Sprawa Mariana Banasia. "Władze PiS były w szoku"
Marian Banaś miał zrezygnować ze stanowiska szefa NIK przed zakończeniem kontroli jego oświadczeń majątkowych, którą prowadziło CBA. Zażądały tego władze PiS, ale Banaś niespodziewanie się postawił – czytamy w dzienniku.
Według ustaleń "Rz" sprawa miała być "przesądzona i ostateczna", na co wskazywały pojawiające się we wtorek "przecieki" do mediów. Jednak Banaś miał oznajmić, że nie odejdzie ze stanowiska, bo nie ma sobie nic do zarzucenia.
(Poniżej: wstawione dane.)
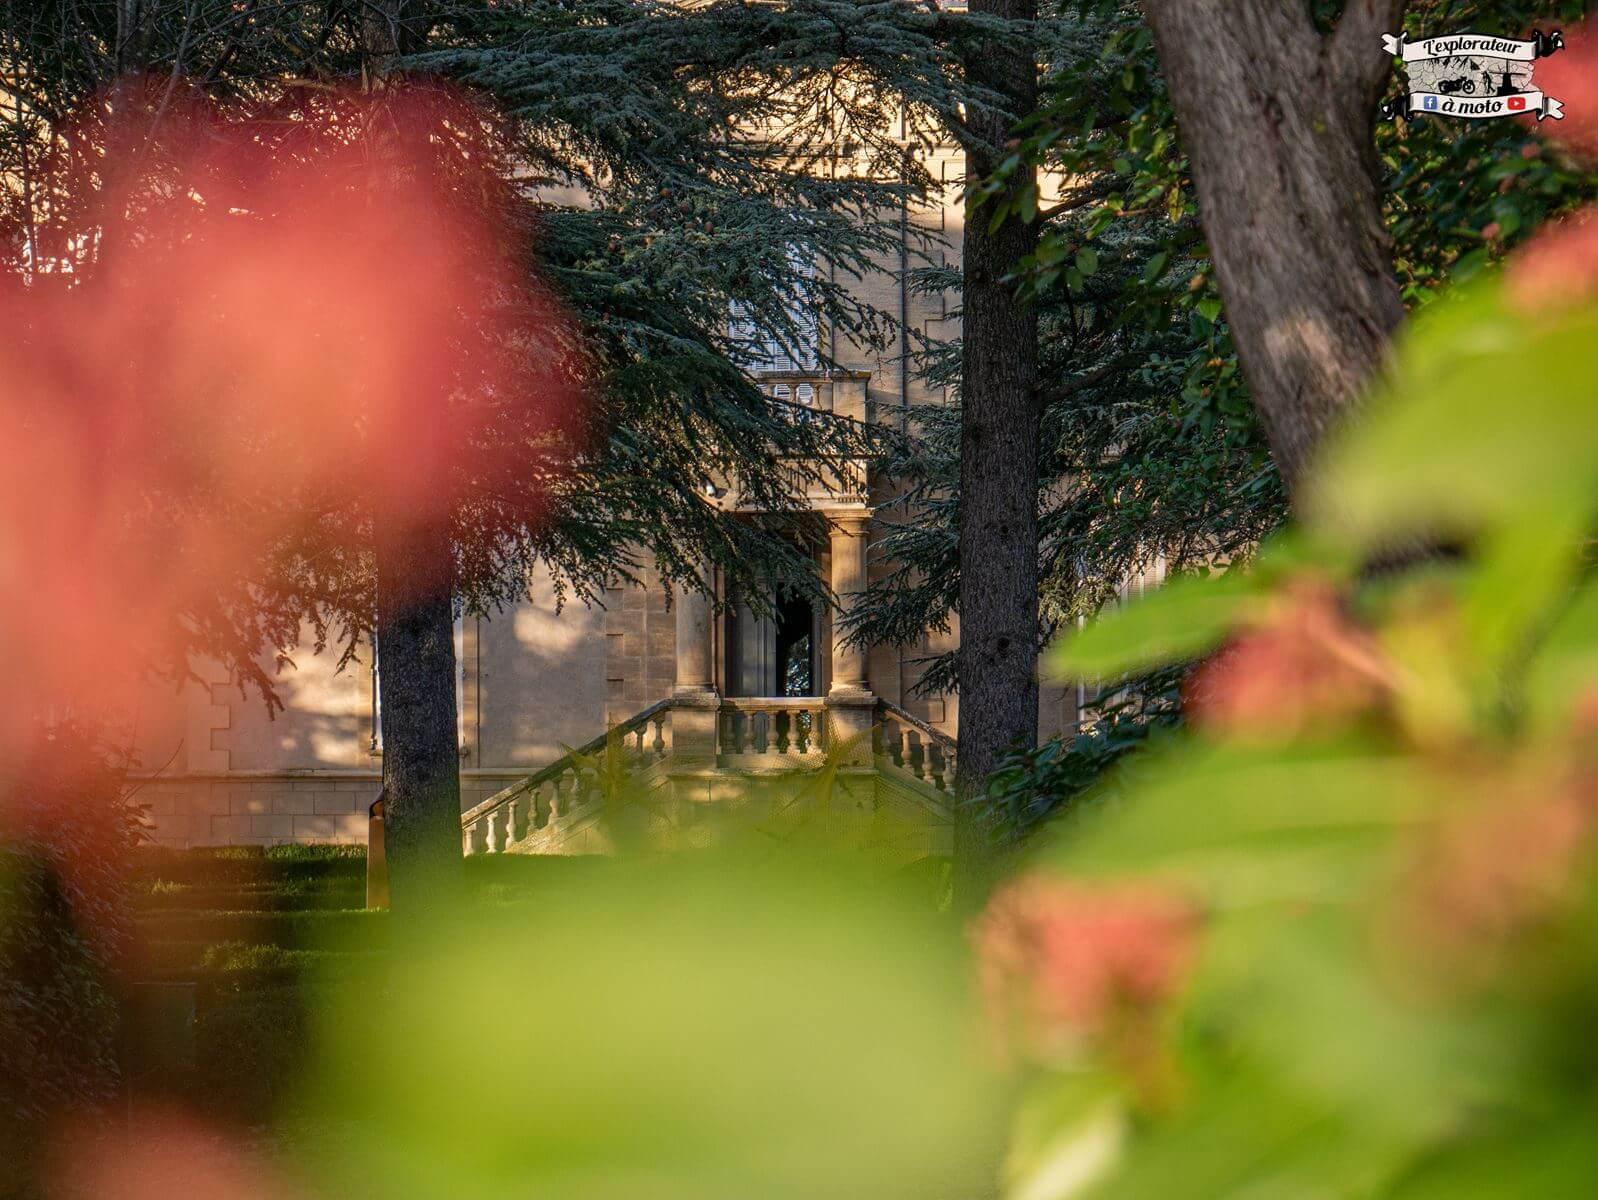 Porte entrée Chateau de Bosc - lexplorateuramoto.com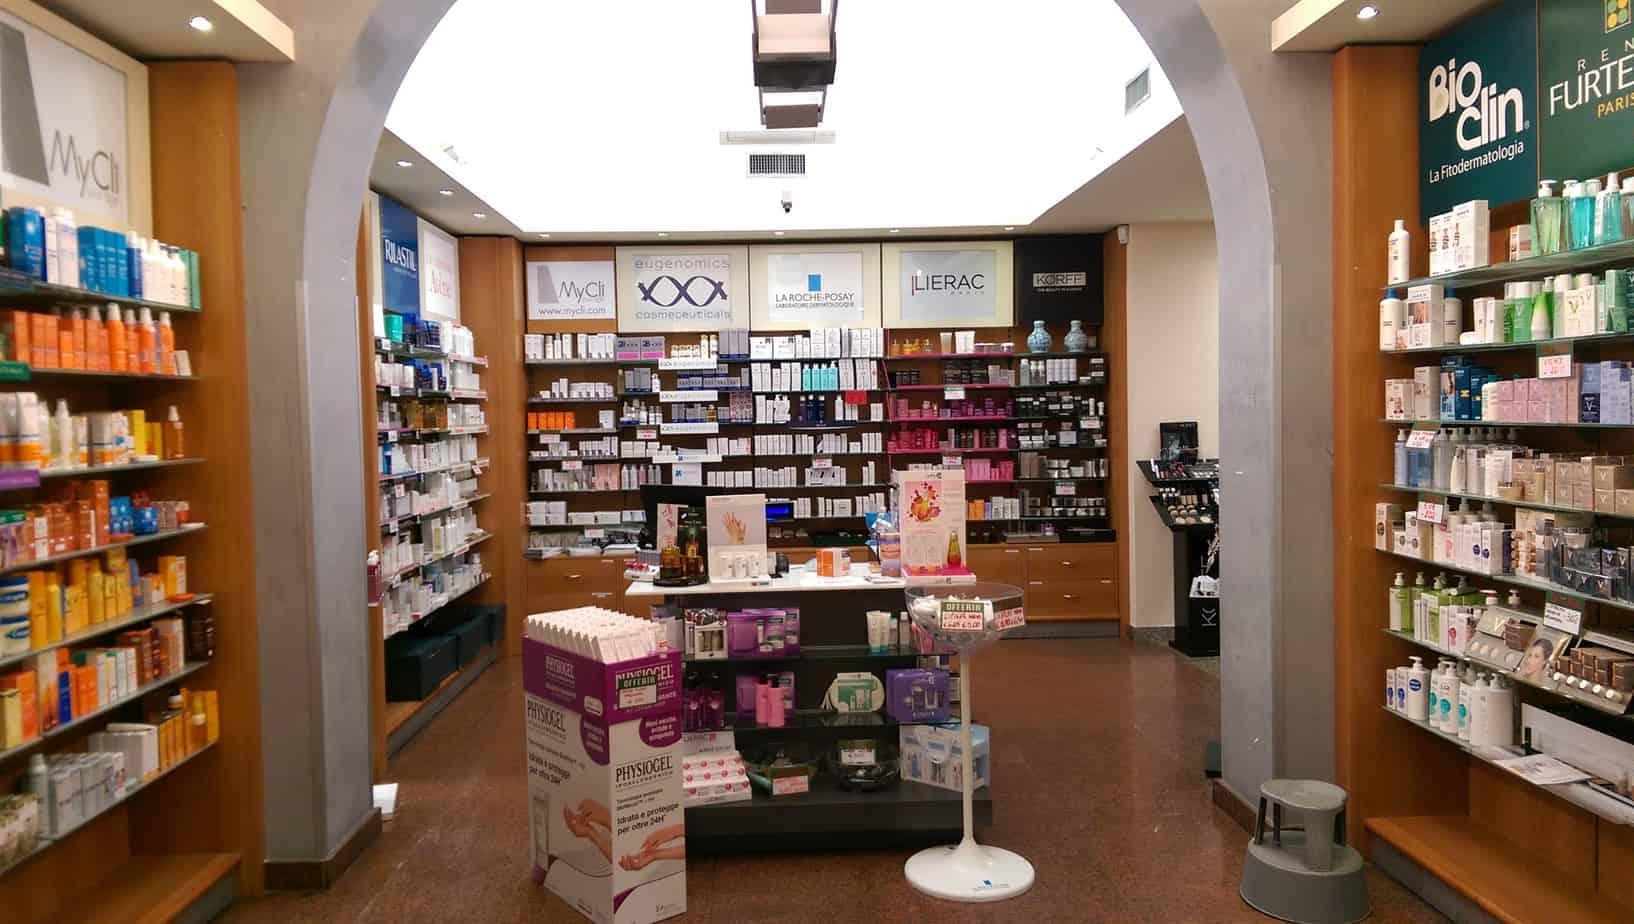 Farmacia porta pia reparto di dermocosmesi farmacia - Farmacia porta pia ...

"Zaczął też przygotowywać sobie grunt do obrony – to m.in. ekspertyzy prawne" – czytamy w dzienniku. "Rz' pisze, że wolta szefa NIK miała zszokować władze PiS.
Jak czytamy w gazecie, Banaś "ma mieć też pretensje do kolegów, że nie stanęli za nim murem, i do Mariusza Kamińskiego, któremu podlegają służy, że «go zostawił»".
Według ustaleń "Rzeczpospolitej" na CBA nie było żadnych nacisków politycznych, by odpuścić szefowi NIK.
Przypomnijmy, że wokół Mariana Banasia zrobiło się głośno po tym, jak "Superwizjer" TVN ujawnił sprawę tzw. hotelu na godziny. Działał on w kamienicy, która należała do szefa NIK. Po ujawnienia tych informacji Banaś udał się na bezpłatny urlop.